You are on page 1of 2

Czarina Louise H.

Navarro

BALTAZAR v. SAN MIGUEL BREWERY


GR L-23076 | 27 February 1969
(sick leave ripening into a company practice)

FACTS:
Nicanor Baltazar was a salesman-in-charge at appellant San Miguel Brewery’s
Dagupan warehouse. In October 1956, Baltazar was recalled to appellant’s Manila office
after it was found out that Baltazar had caused a labor strike back in Dagupan warehouse.
When Baltzar reported at Manila office, the sales supervisor informed him that he was not to
return to Dagupan anymore. Thereafter, he reported for work at the Manila office from
October 16, 1956 until November 2 of the same year, apparently without being given any
specific work or assignment.

From November 3, 1956 up to December 19 of the same year, or a period of more


than one and one-half months, he absented himself from work without prior authority from
his superiors and without advising them or anybody else of the reason for his prolonged
absence. For this reason, pursuant to existing rules and regulations considering ten unexcused
or unauthorized absences within a calendar year as sufficient ground for an outright dismissal
from employment, appellant dismissed Baltazar.

In May 1957, Baltazar filed a complaint before the Court of First Instance (CFI).
After trial upon the issues arising from the parties' pleadings, the CFI ruled that Baltazar's
dismissal was justified, and, as a consequence, dismissed his complaint. For insufficiency of
evidence, the court also dismissed appellant's counterclaim. But despite the dismissal of
Baltazar's complaint and the finding that his dismissal from employment was for cause, the
trial court ordered appellant to pay him one-month separation pay, plus the cash value of six
months accumulated sick leave.

Hence, apellant sought the decision of the Court of First Instance of Manila ordering
it to pay appellee Baltazar to be reversed.

ISSUE:
Whether Baltazar is entitled to one-month separation pay.

HELD:
Baltazar is not entitled to one-month separation pay. It is settled that one not
employed for a definite period is not entitled to one-month notice or to one-month salary in
lieu thereof if his dismissal was for cause.
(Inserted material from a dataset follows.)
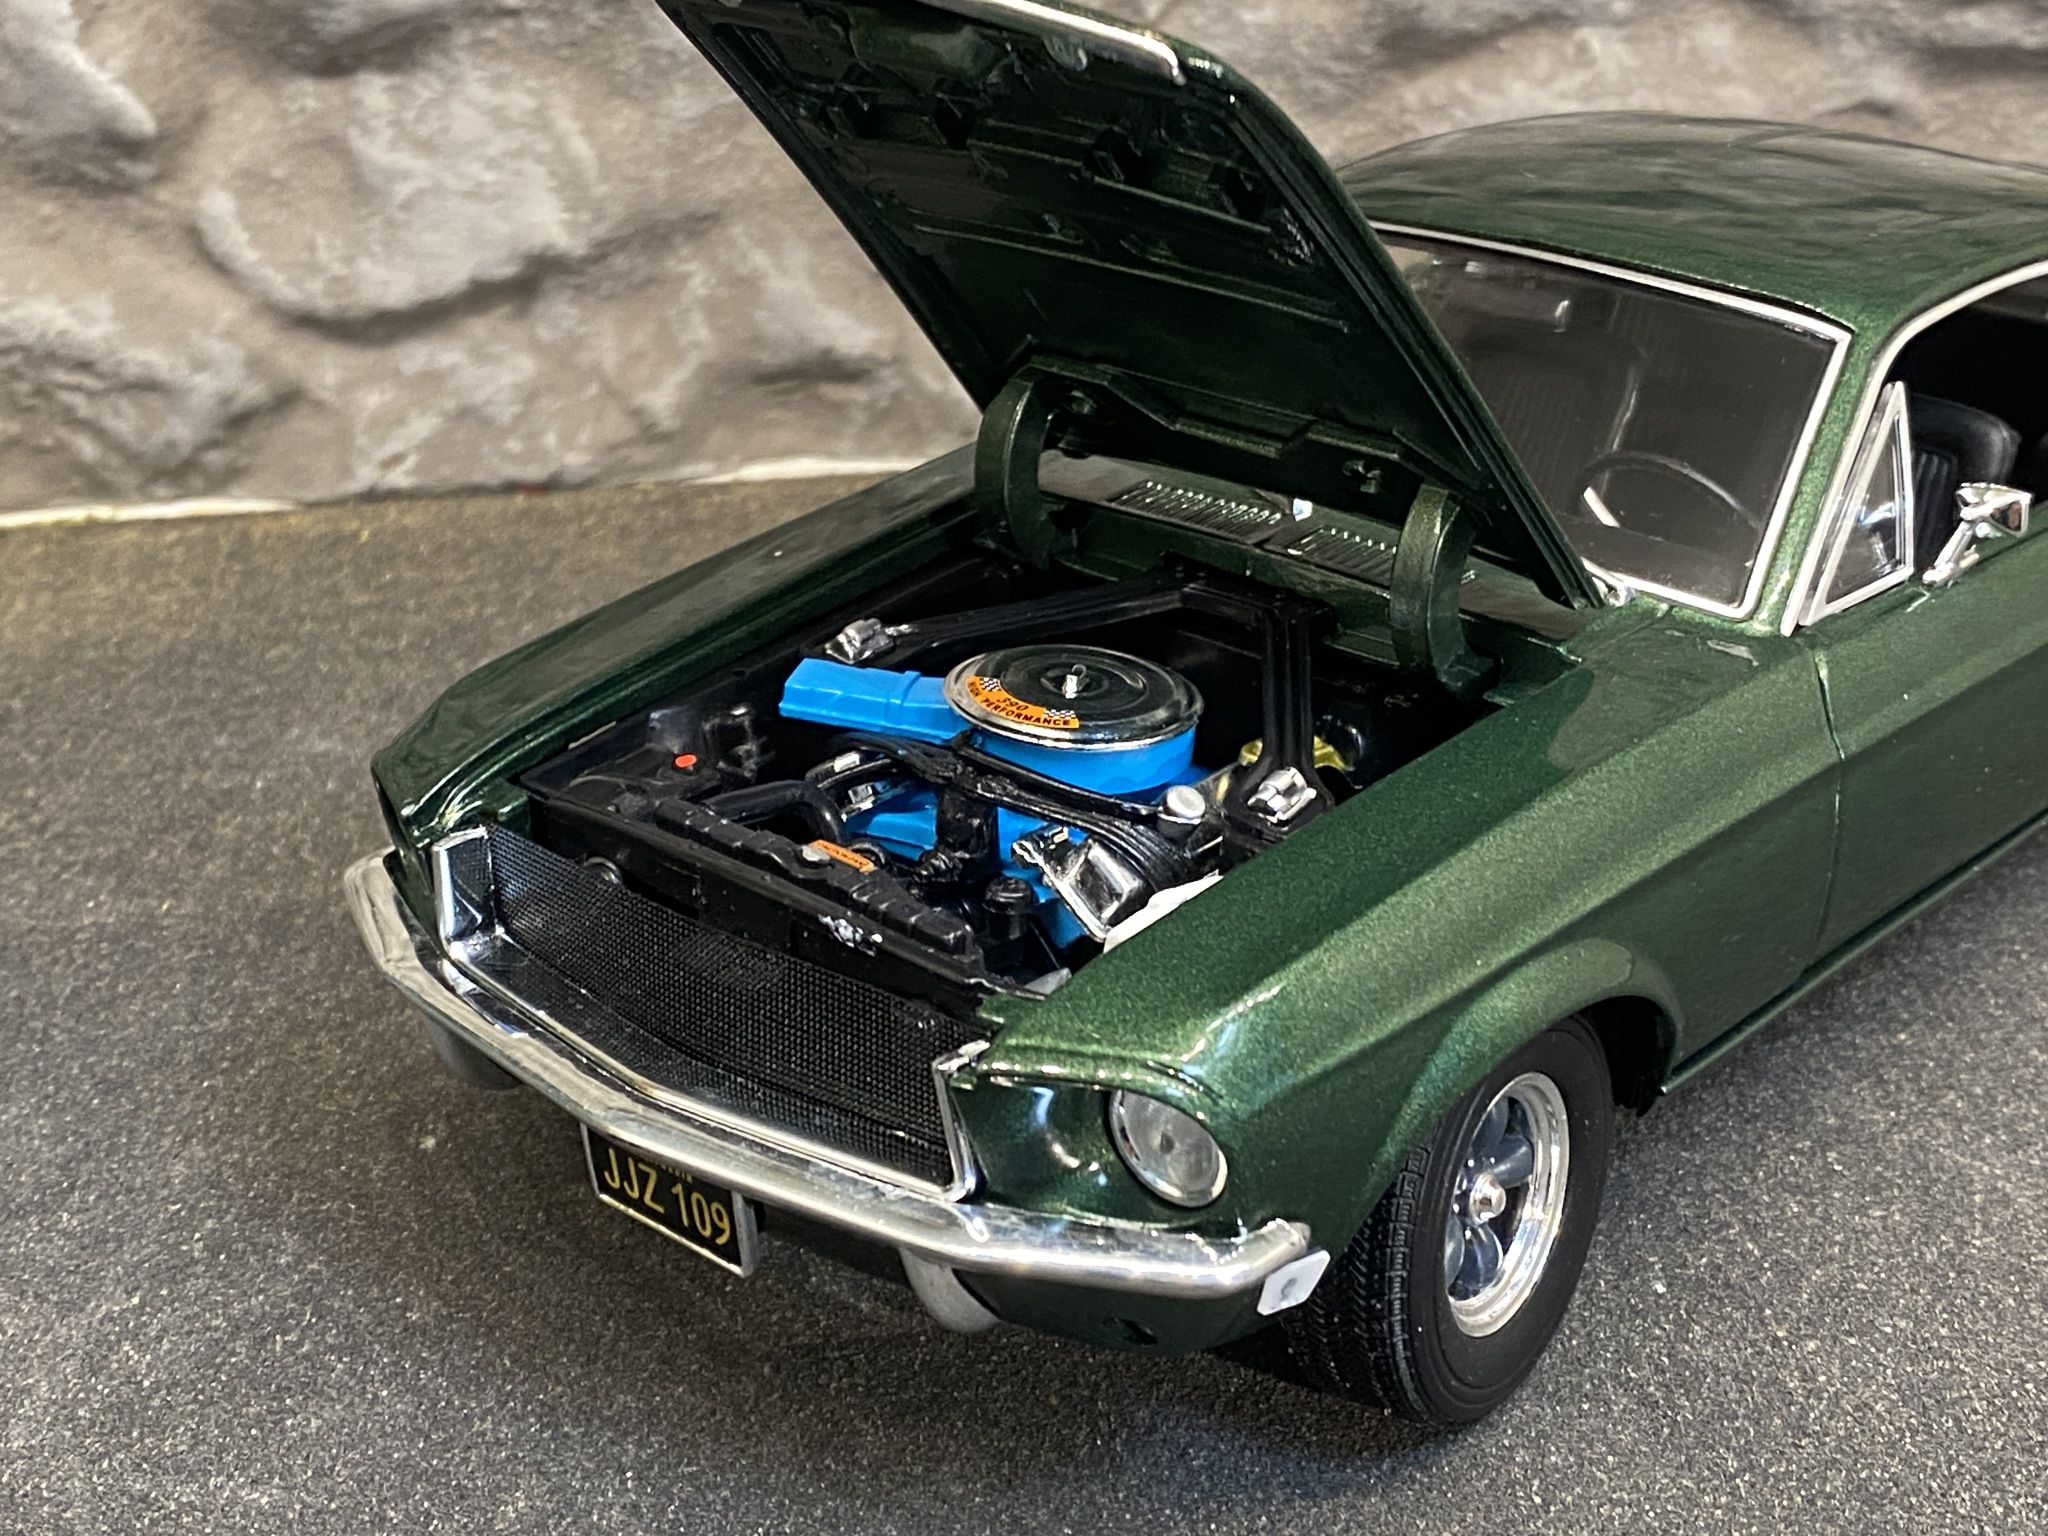 Skala 1/18 1968 Ford Mustang GT, Green metallic, Limited Edition fr Greenlight

Moreover, it appears that while under the last paragraph of Article 5 of appellant's
Rules and Regulations of the Health, Welfare and Retirement Plan, unused sick leave may be
accumulated up to a maximum of six months, the same is not commutable or payable in cash
upon the employee's option. In the Court’s view, the only meaning and import of said rule
and regulation is that if an employee does not choose to enjoy his yearly sick leave of thirty
days, he may accumulate such sick leave up to a maximum of six months and enjoy this six-
month sick leave at the end of the sixth year but may not commute it to cash.